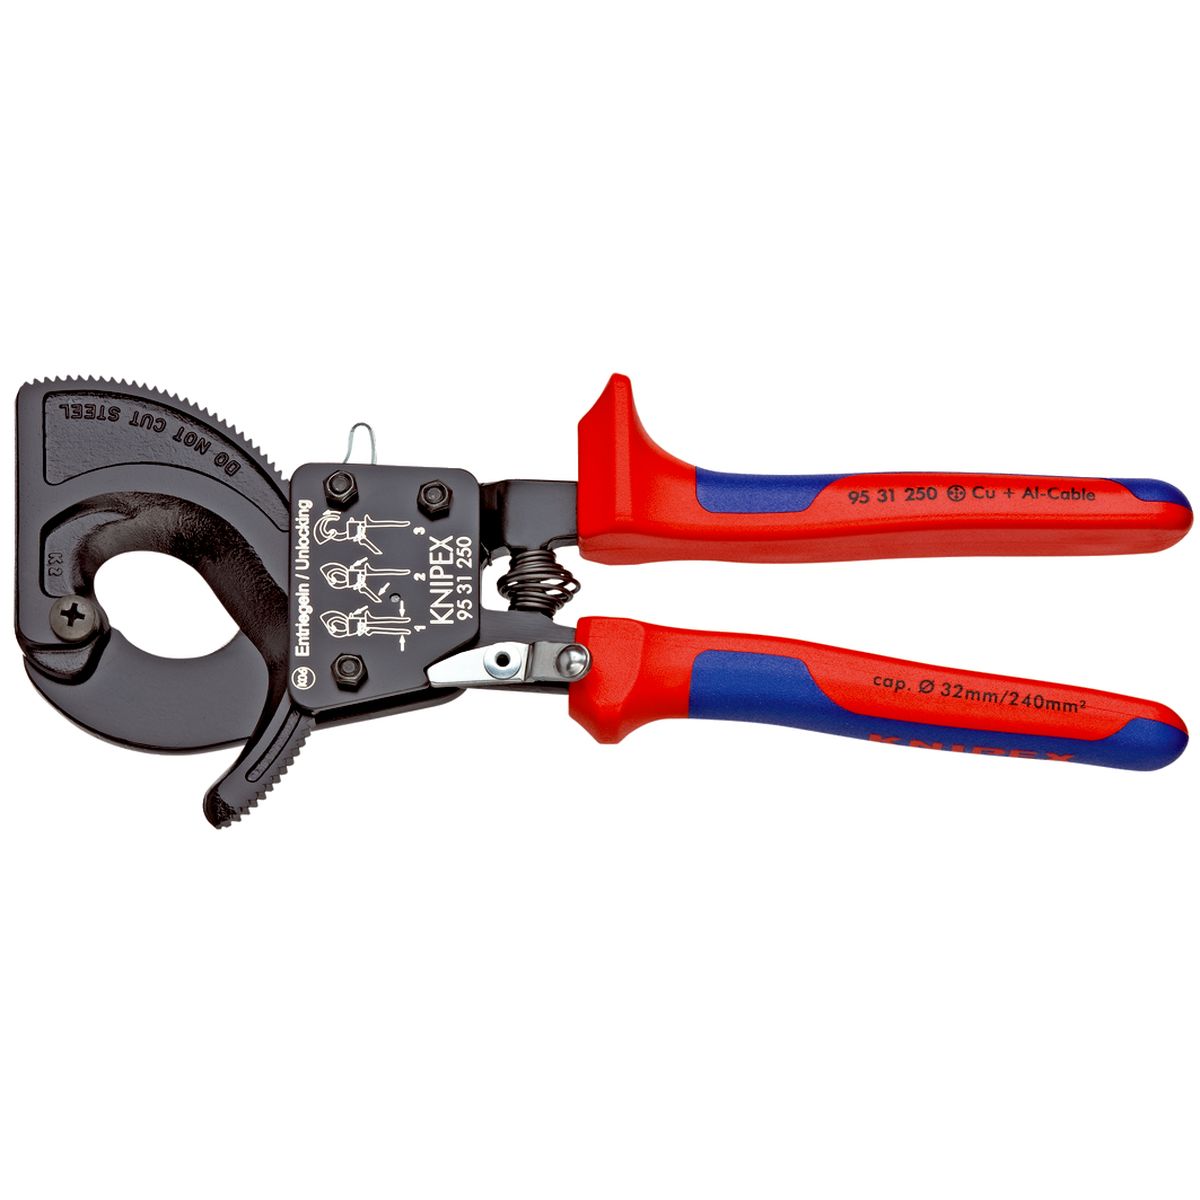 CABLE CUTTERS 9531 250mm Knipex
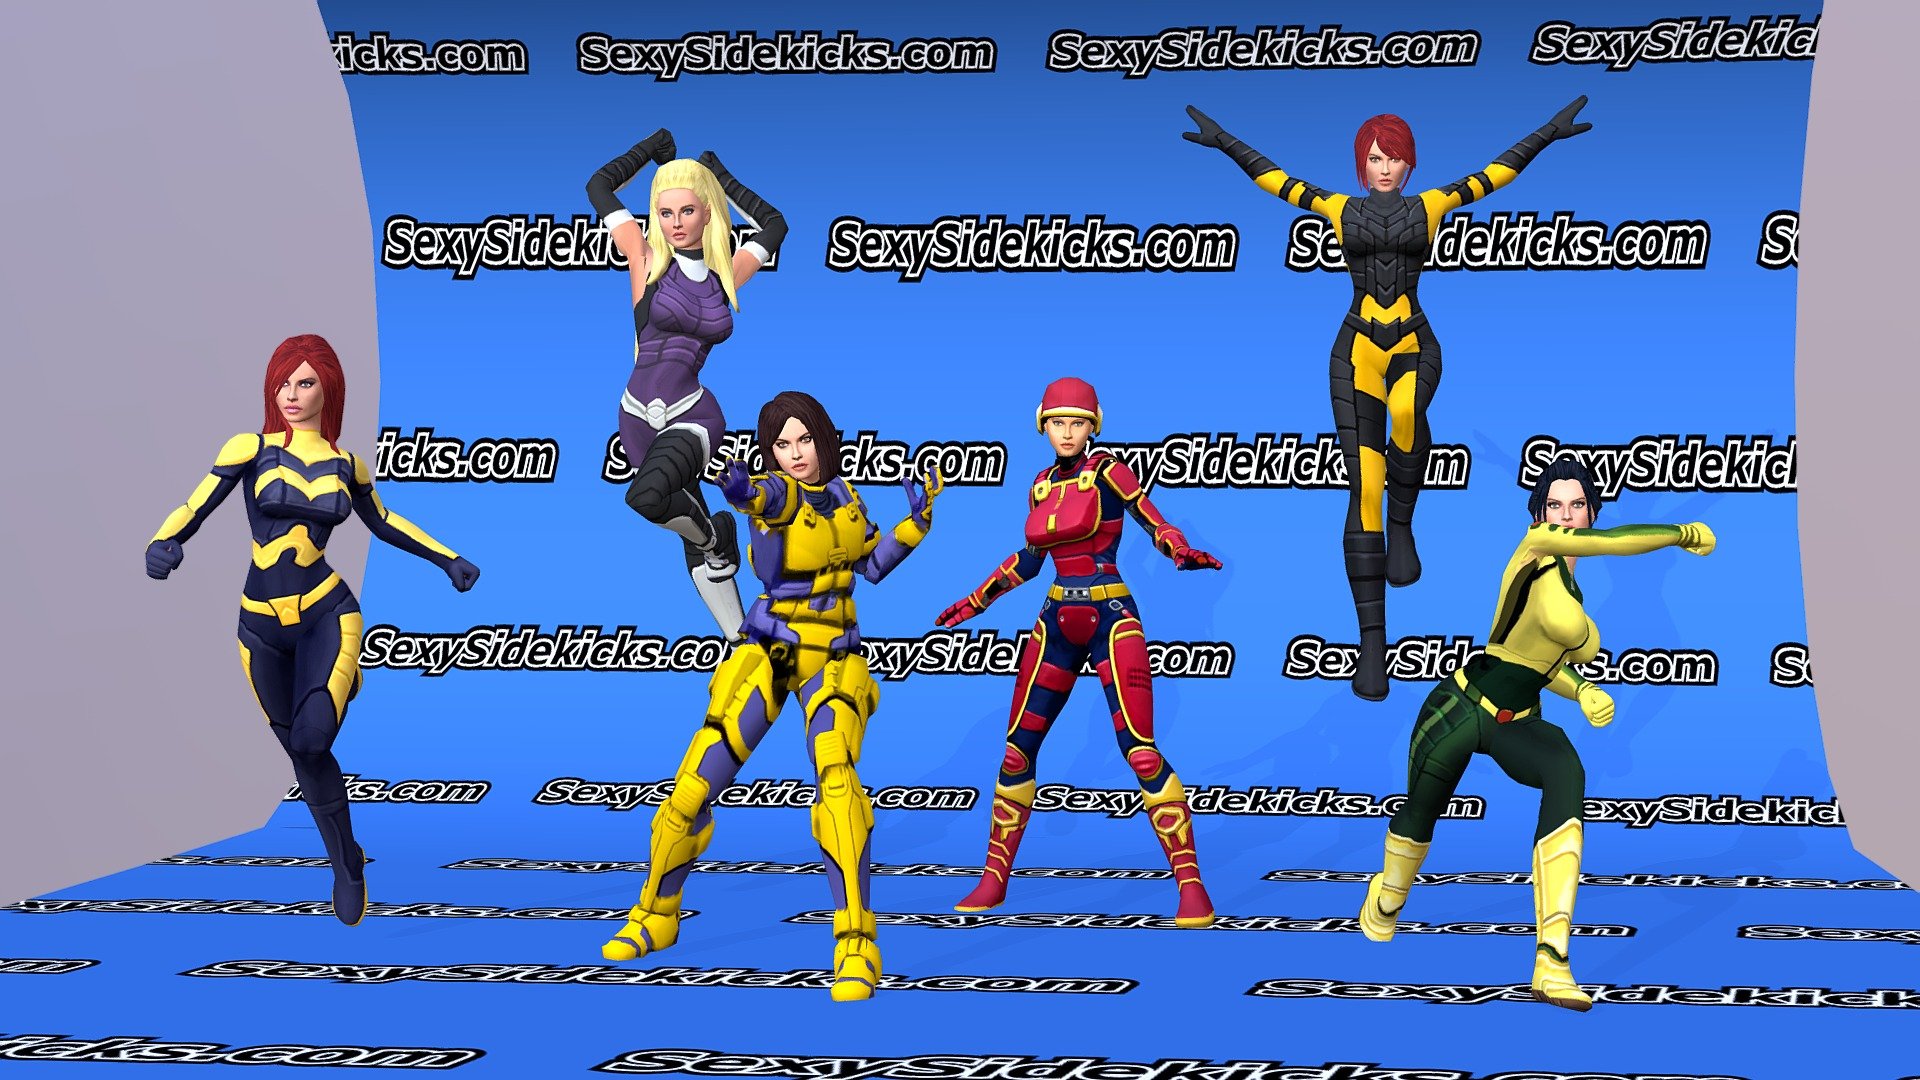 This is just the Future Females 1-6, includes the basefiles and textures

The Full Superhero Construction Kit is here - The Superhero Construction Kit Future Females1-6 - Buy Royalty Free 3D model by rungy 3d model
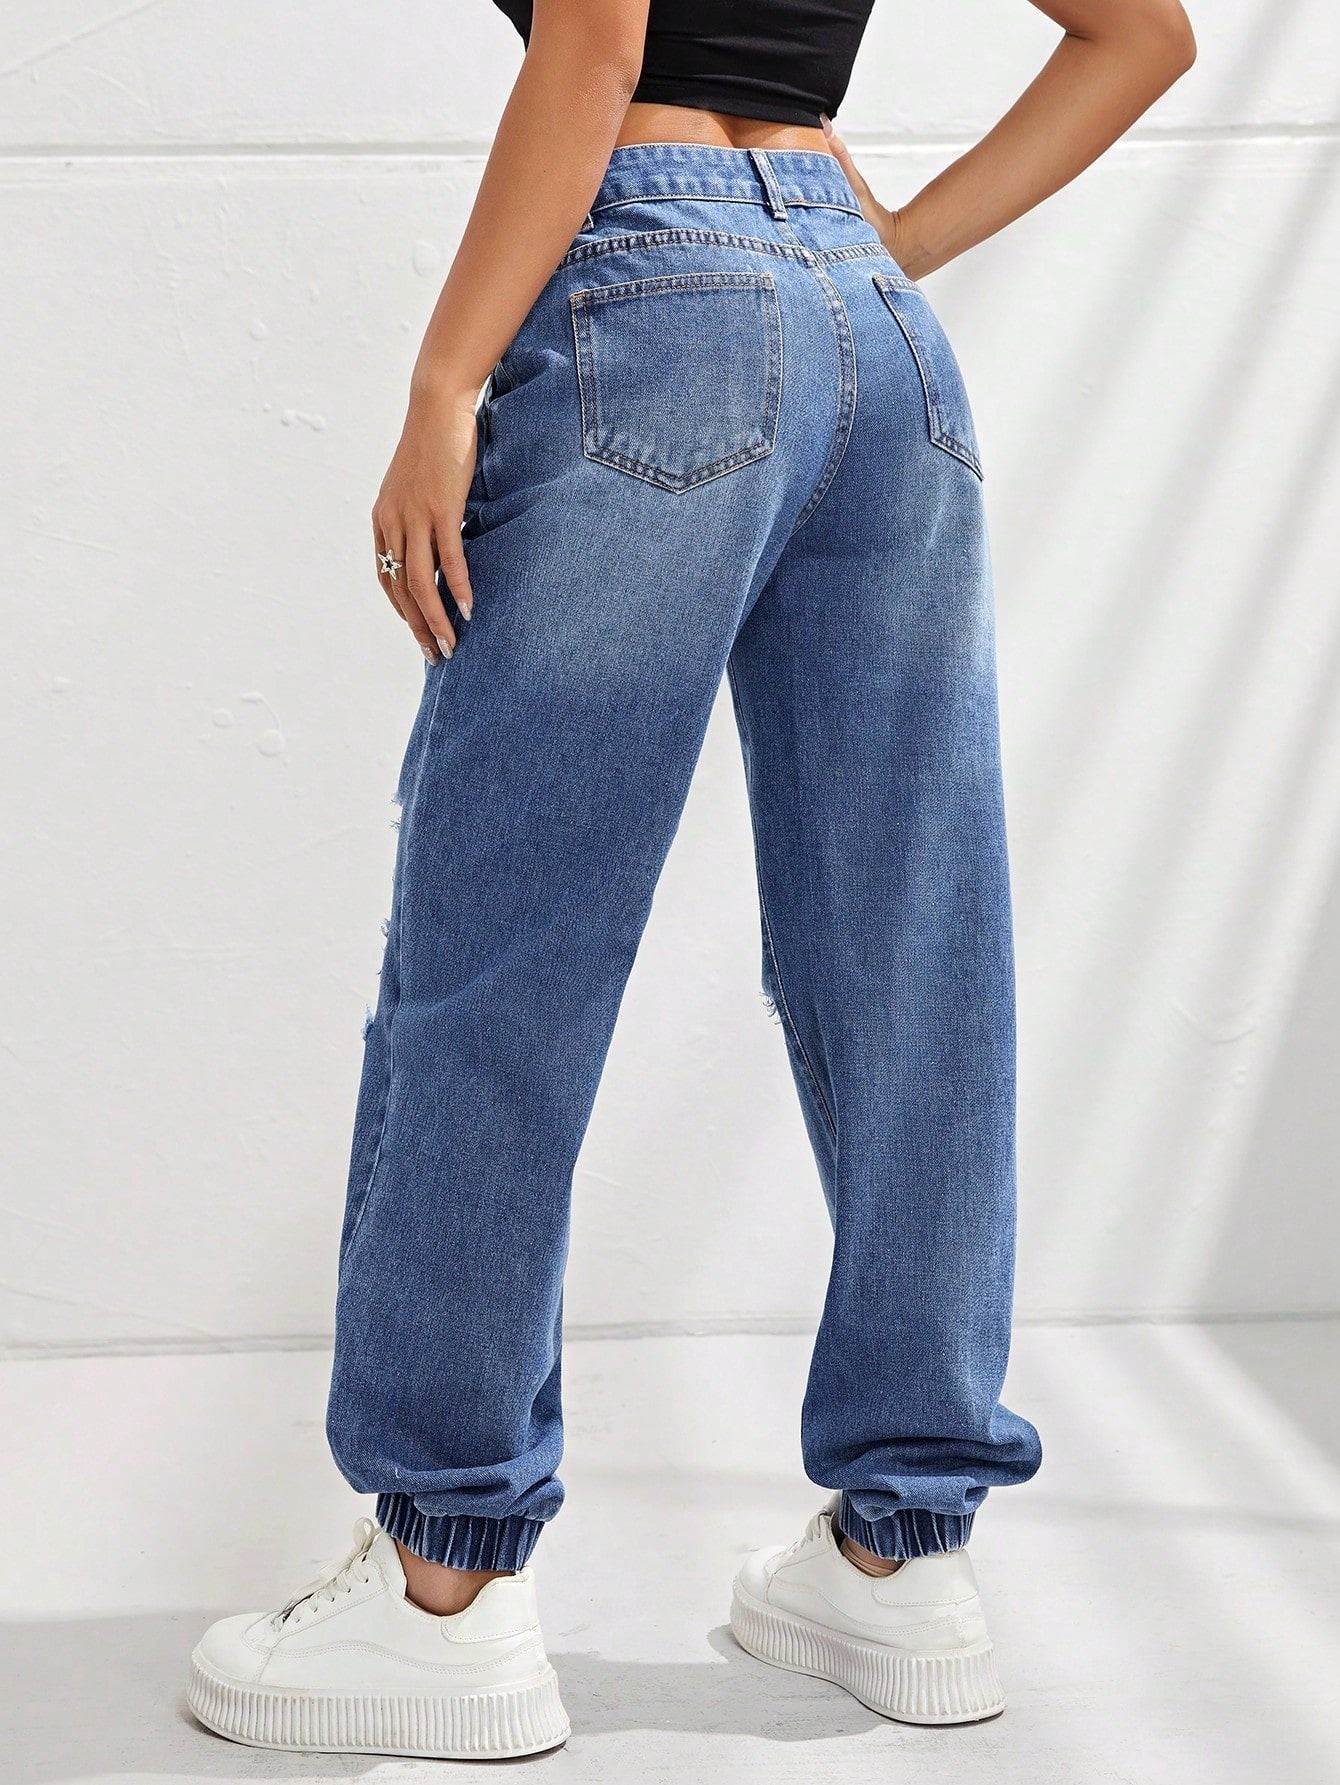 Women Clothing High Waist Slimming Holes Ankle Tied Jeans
▬▬▬
## Description of the task
Starting with the first line of the data, transcribe every line exactly through the one containing "The Full Superhero". No pictures go in.

## Solved problem
 CABLE CUTTERS 9531 250mm Knipex
 This is just the Future Females 1-6, includes the basefiles and textures

The Full Superhero Construction Kit is here - The Superhero Construction Kit Future Females1-6 - Buy Royalty Free 3D model by rungy 3d model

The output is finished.